(INFORMATION SHOWN):
* * * * *

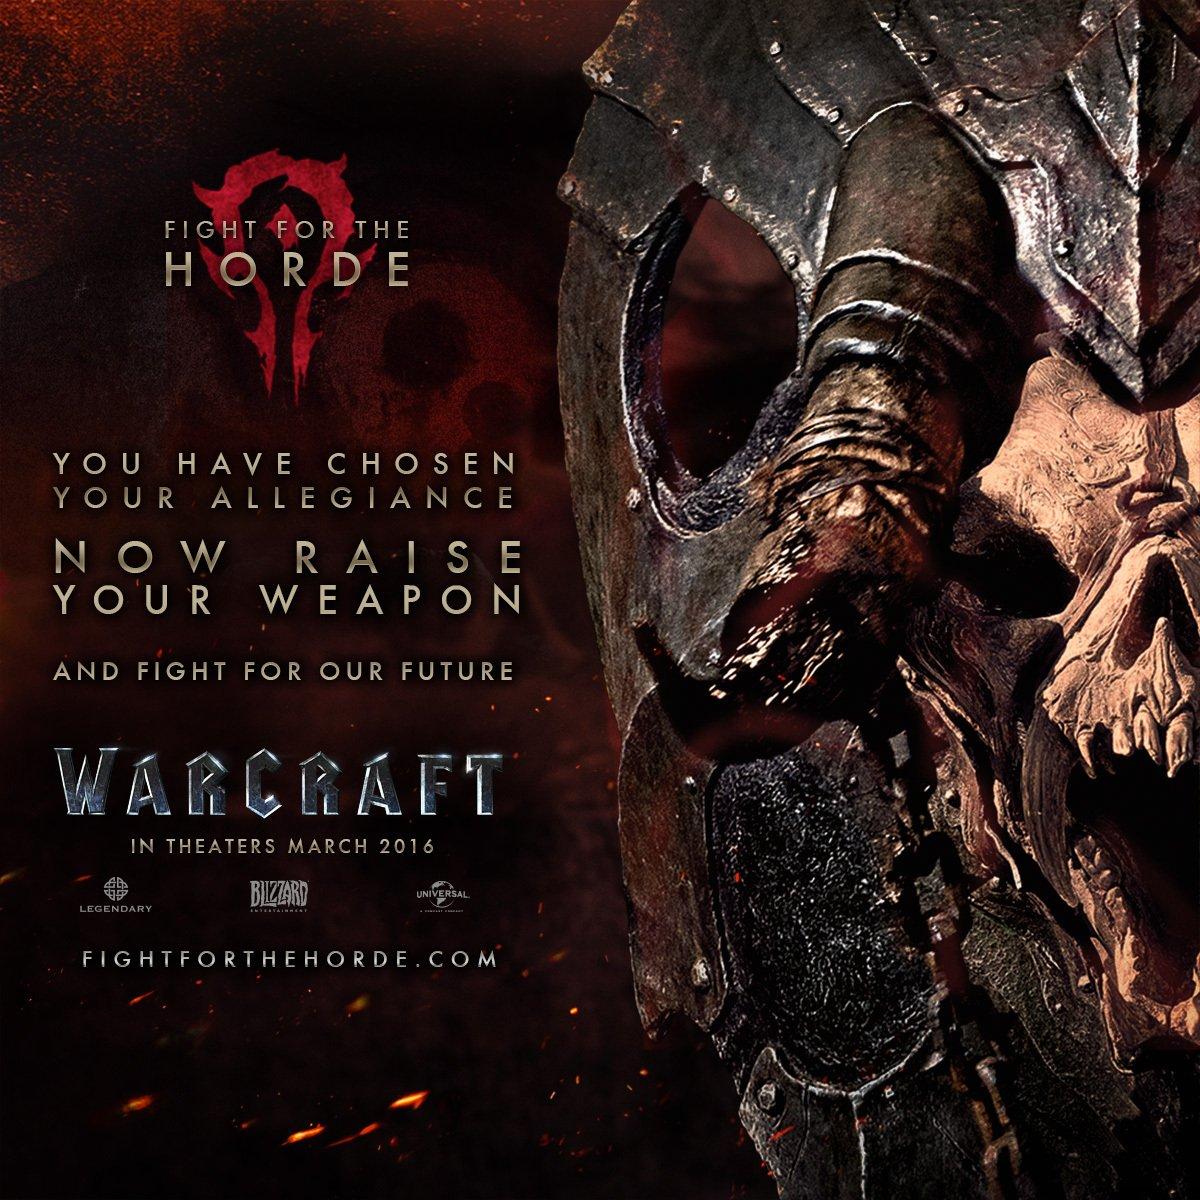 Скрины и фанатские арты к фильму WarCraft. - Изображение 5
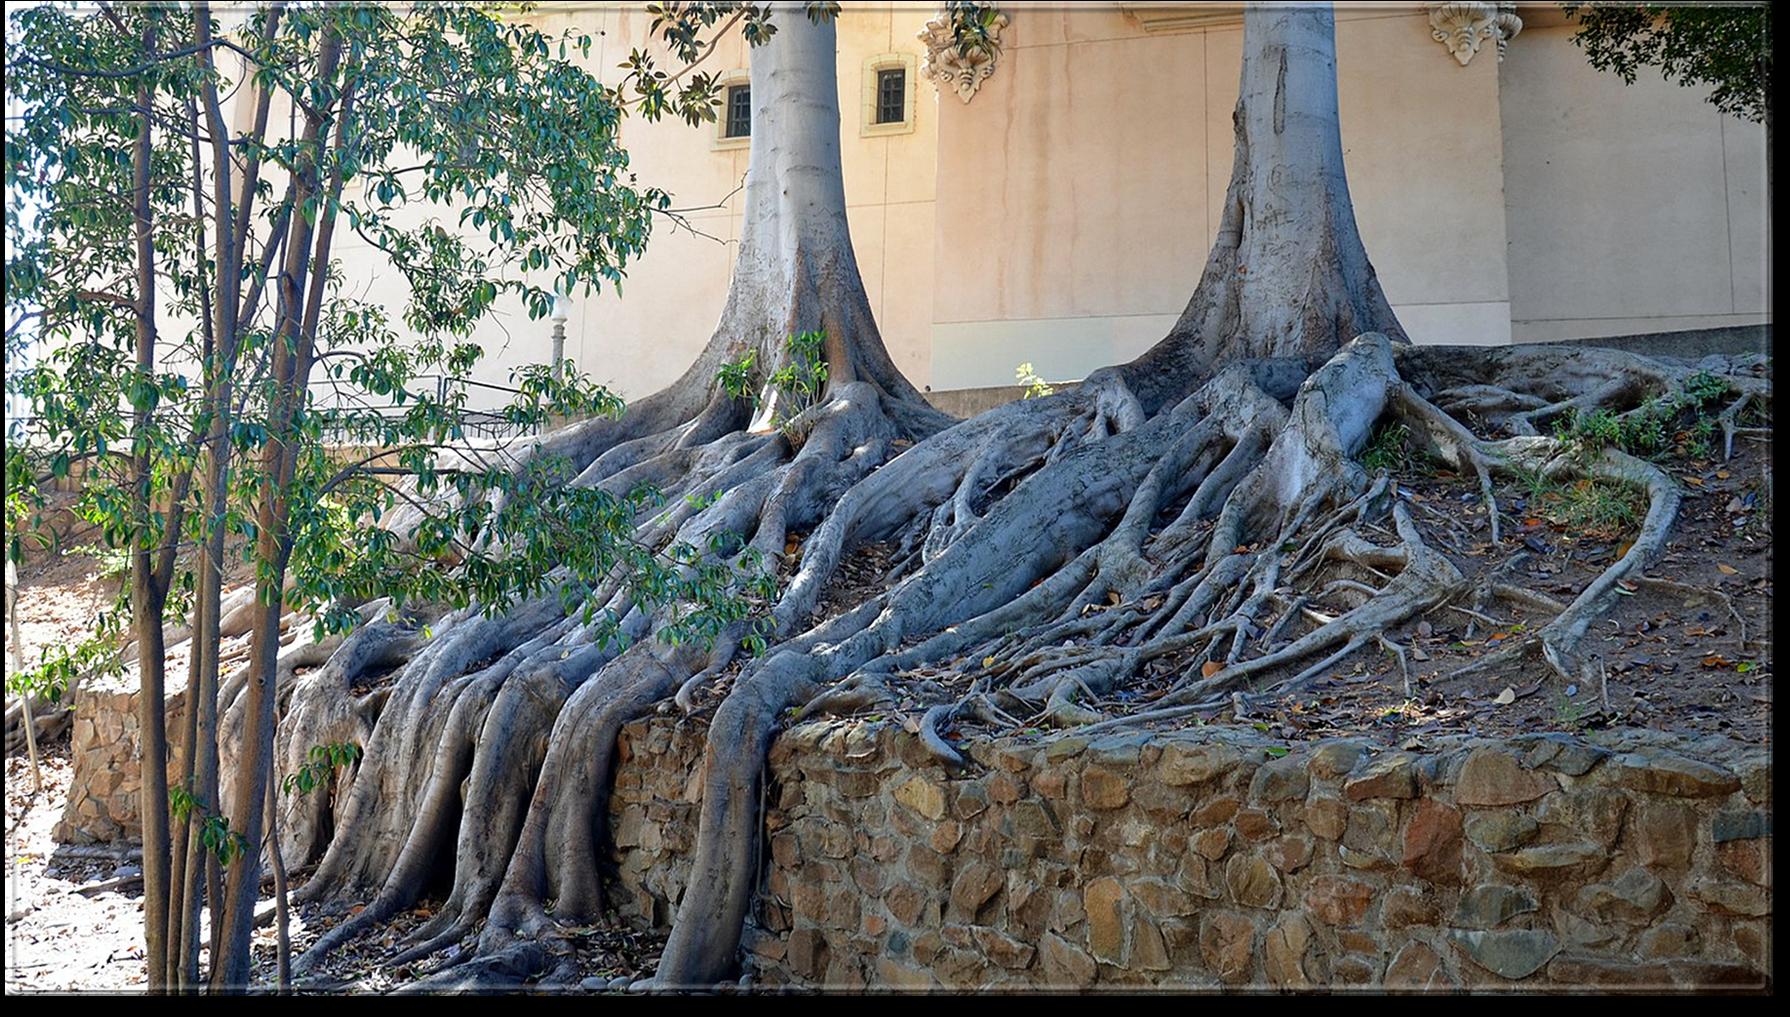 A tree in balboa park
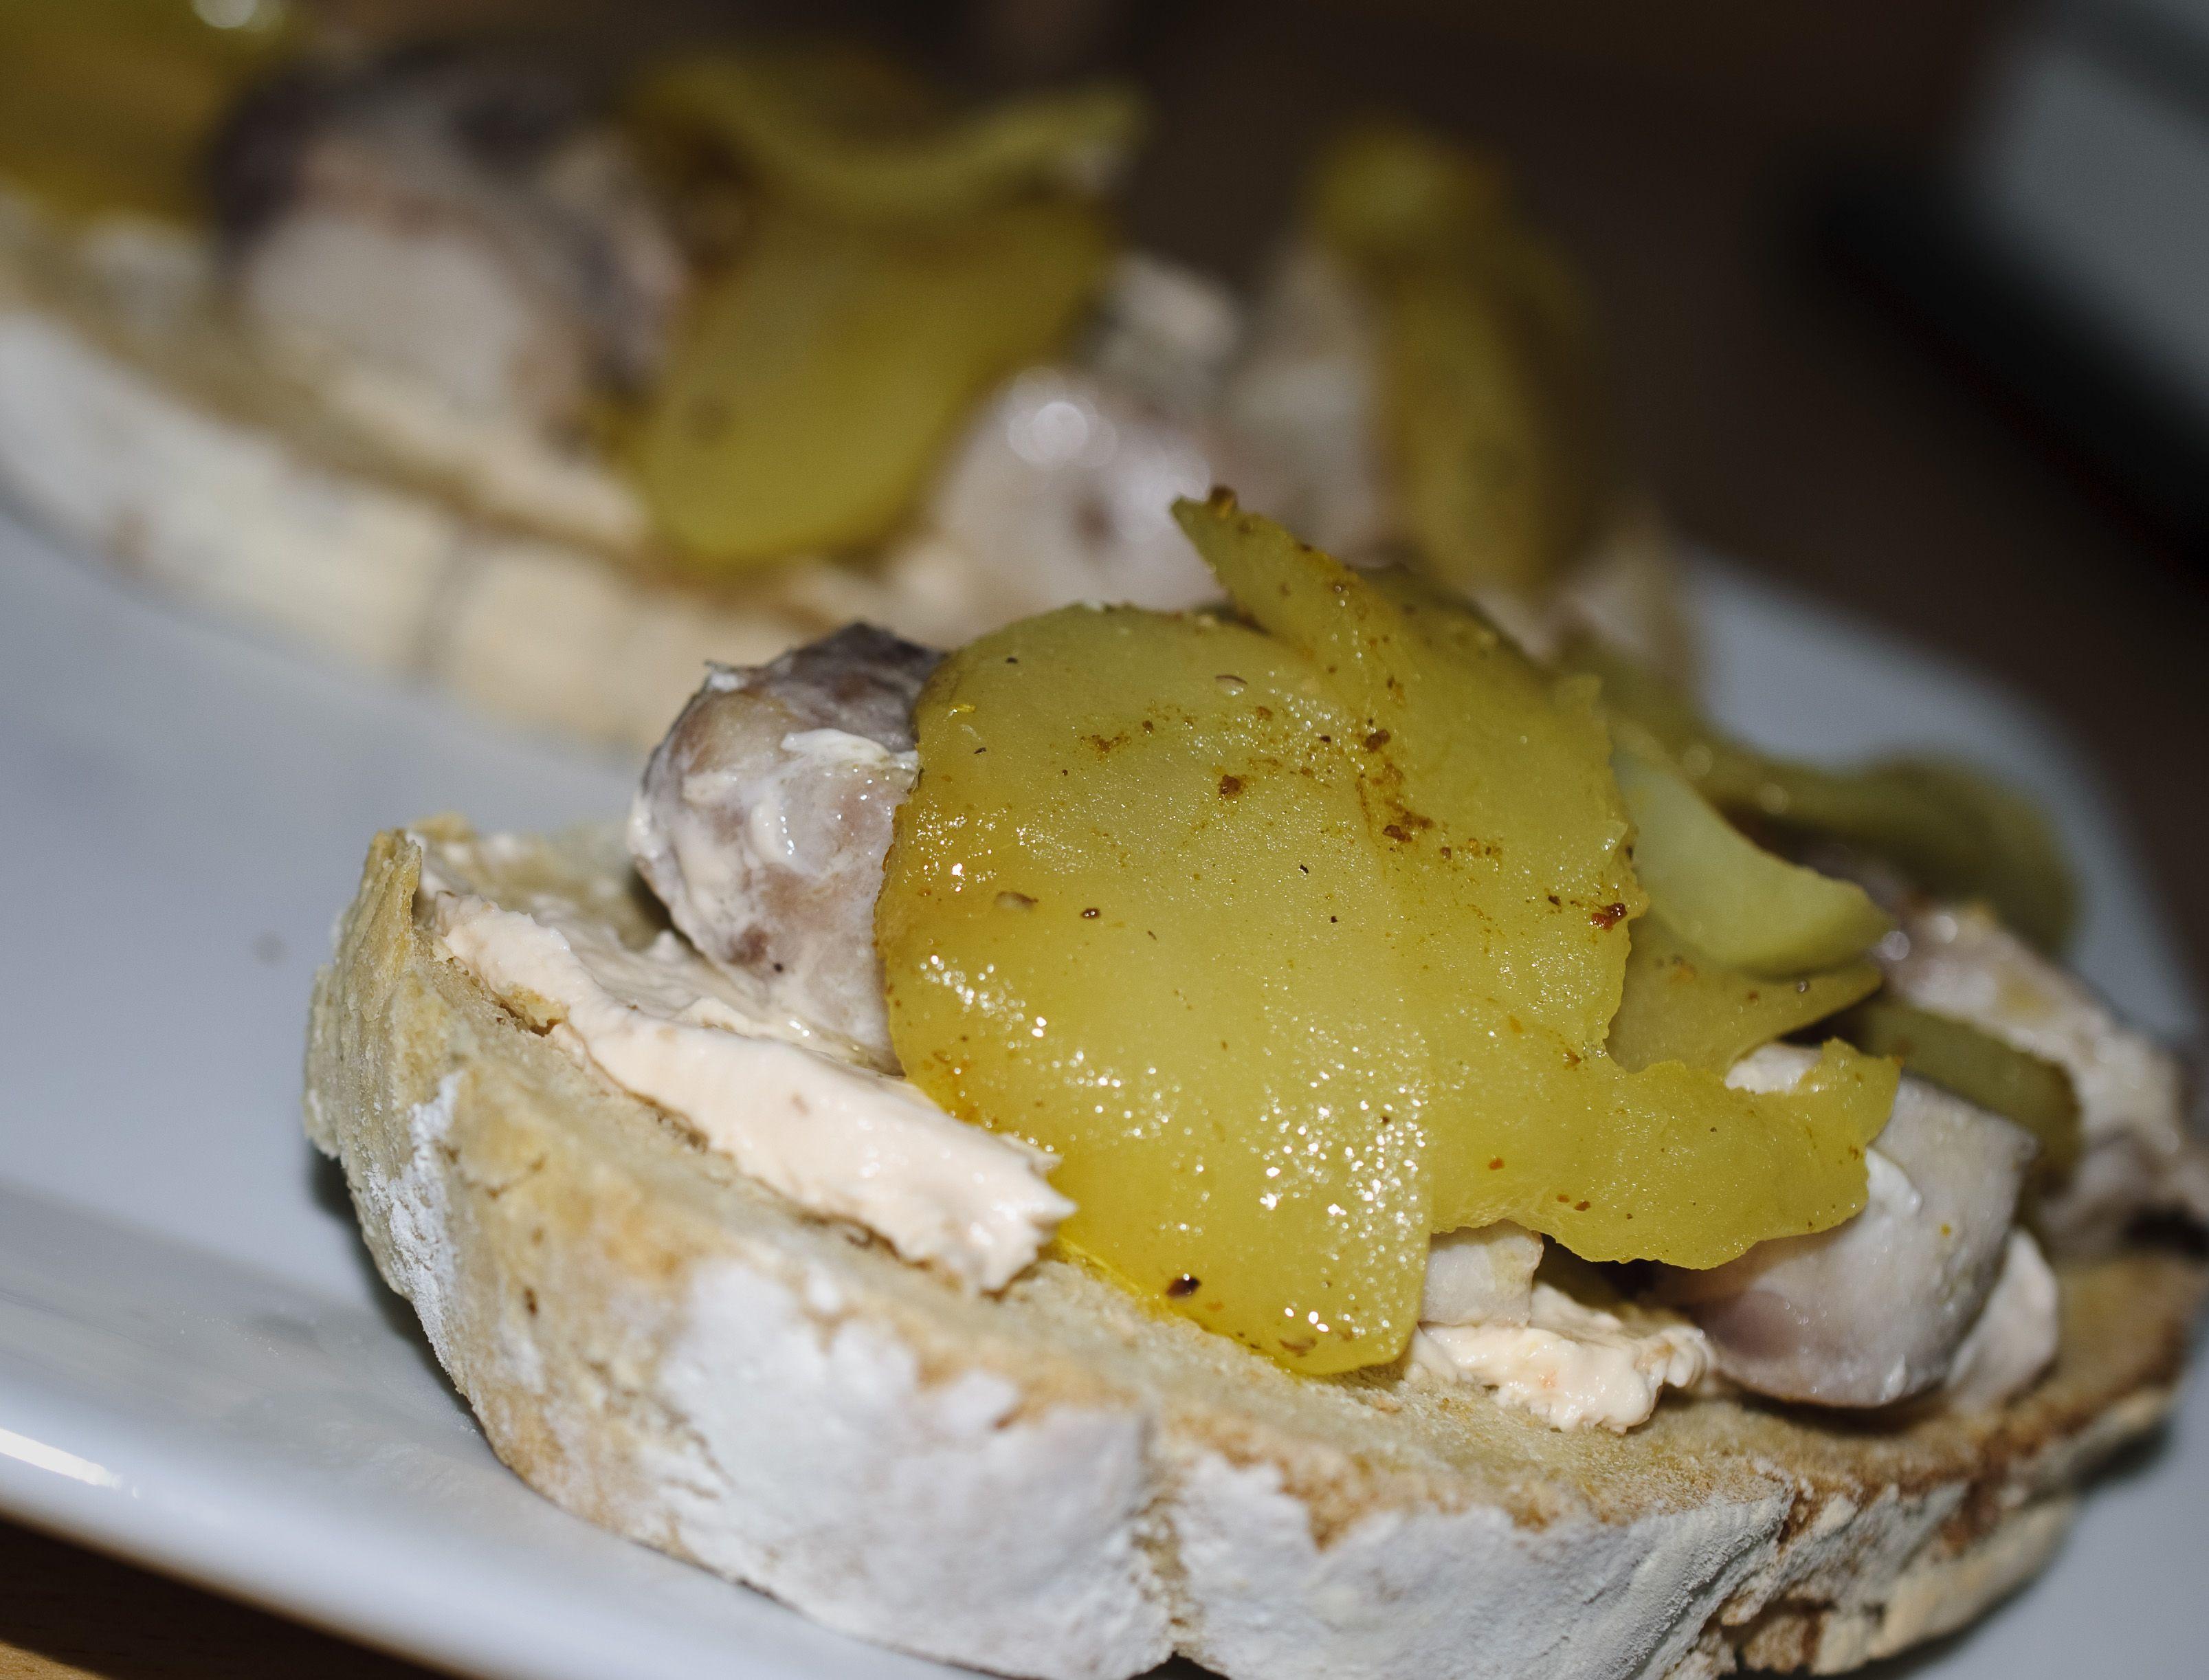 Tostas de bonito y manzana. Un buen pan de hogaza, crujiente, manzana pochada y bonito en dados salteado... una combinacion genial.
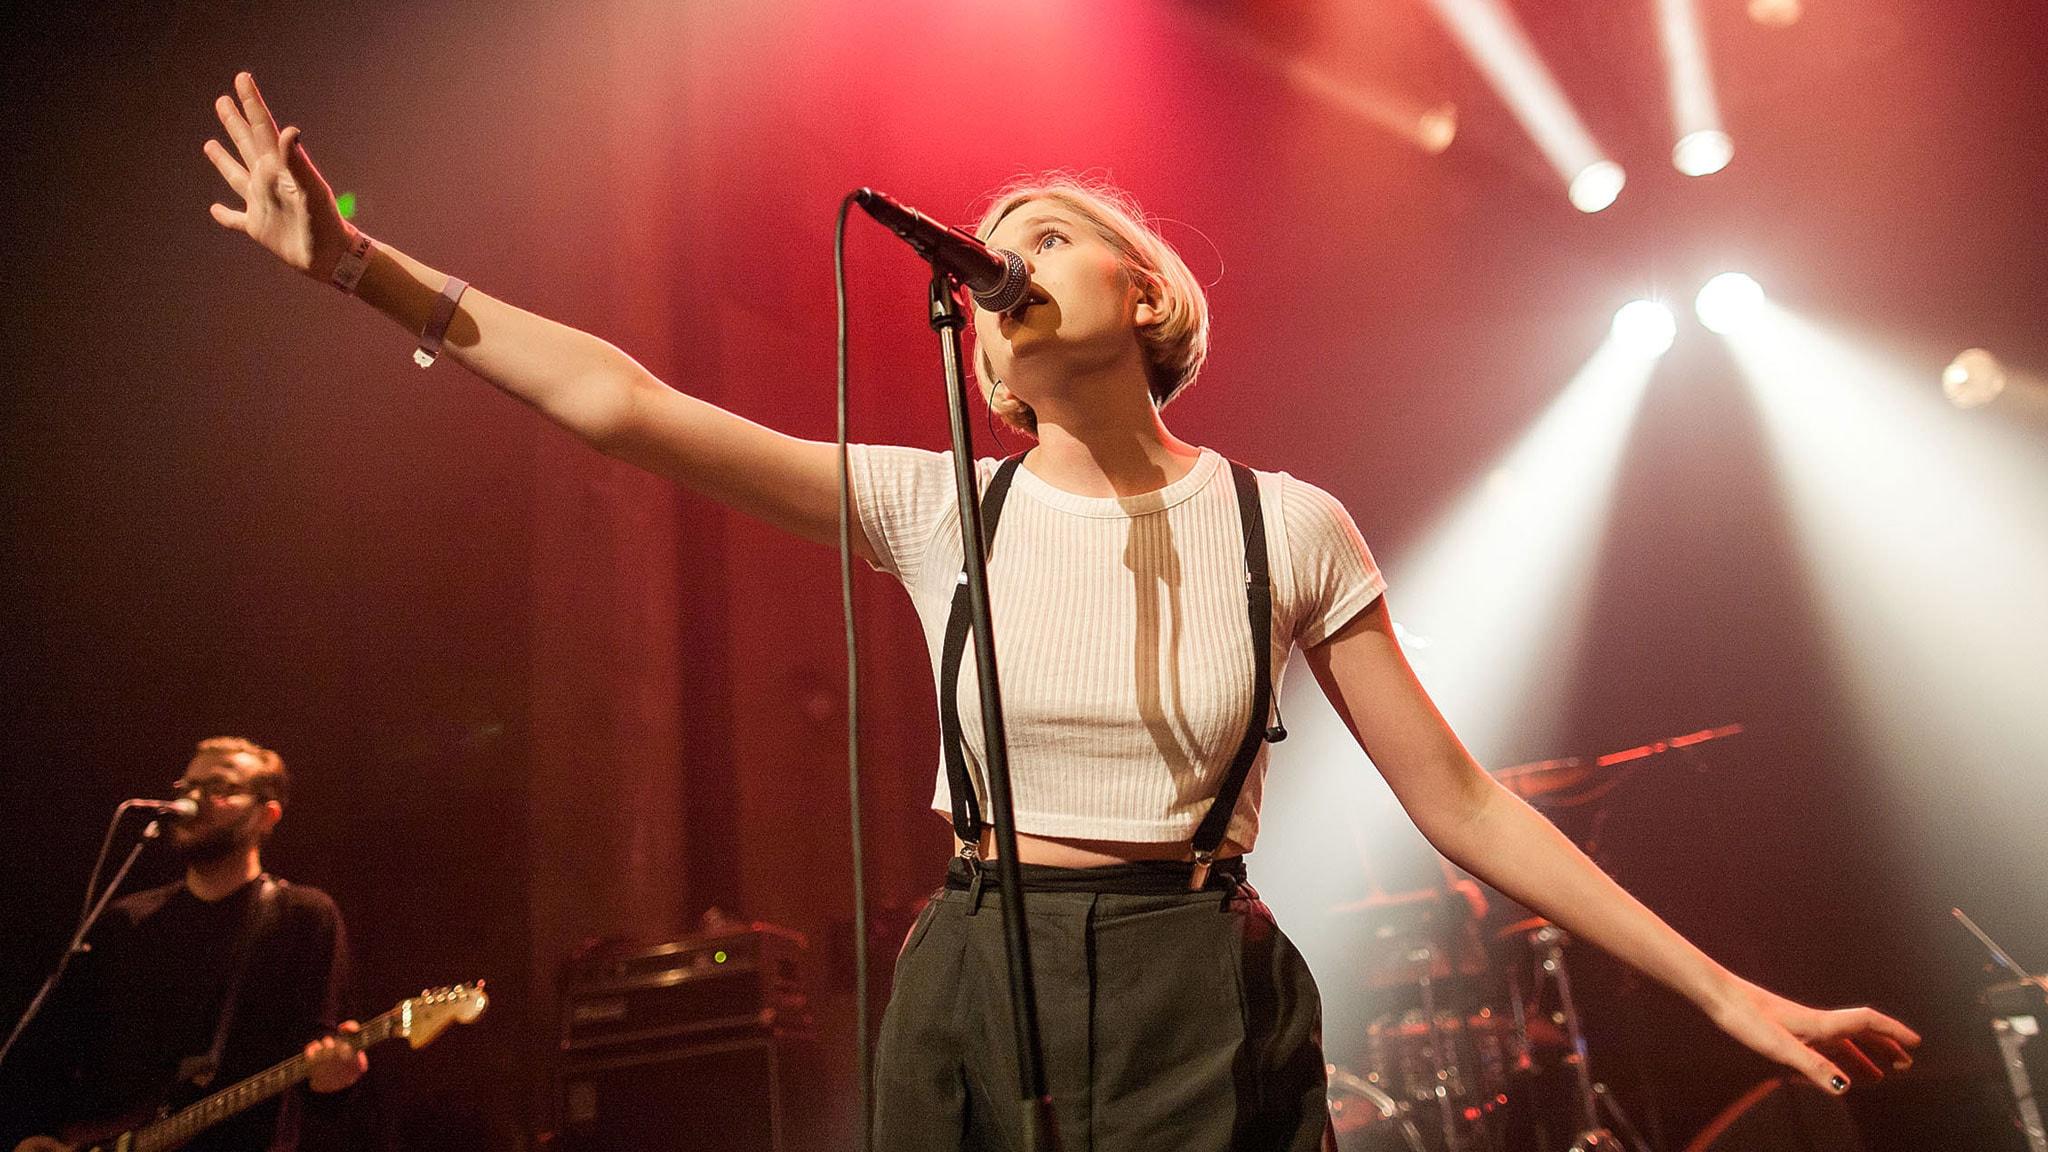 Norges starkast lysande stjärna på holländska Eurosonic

* * * * *

(ABOUT THIS EXERCISE): Repeat the data above exactly, leaving out any pictures it holds.

(SOLUTION TO THIS EXERCISE):
 Скрины и фанатские арты к фильму WarCraft. - Изображение 5
 A tree in balboa park
 Tostas de bonito y manzana. Un buen pan de hogaza, crujiente, manzana pochada y bonito en dados salteado... una combinacion genial.
 Norges starkast lysande stjärna på holländska Eurosonic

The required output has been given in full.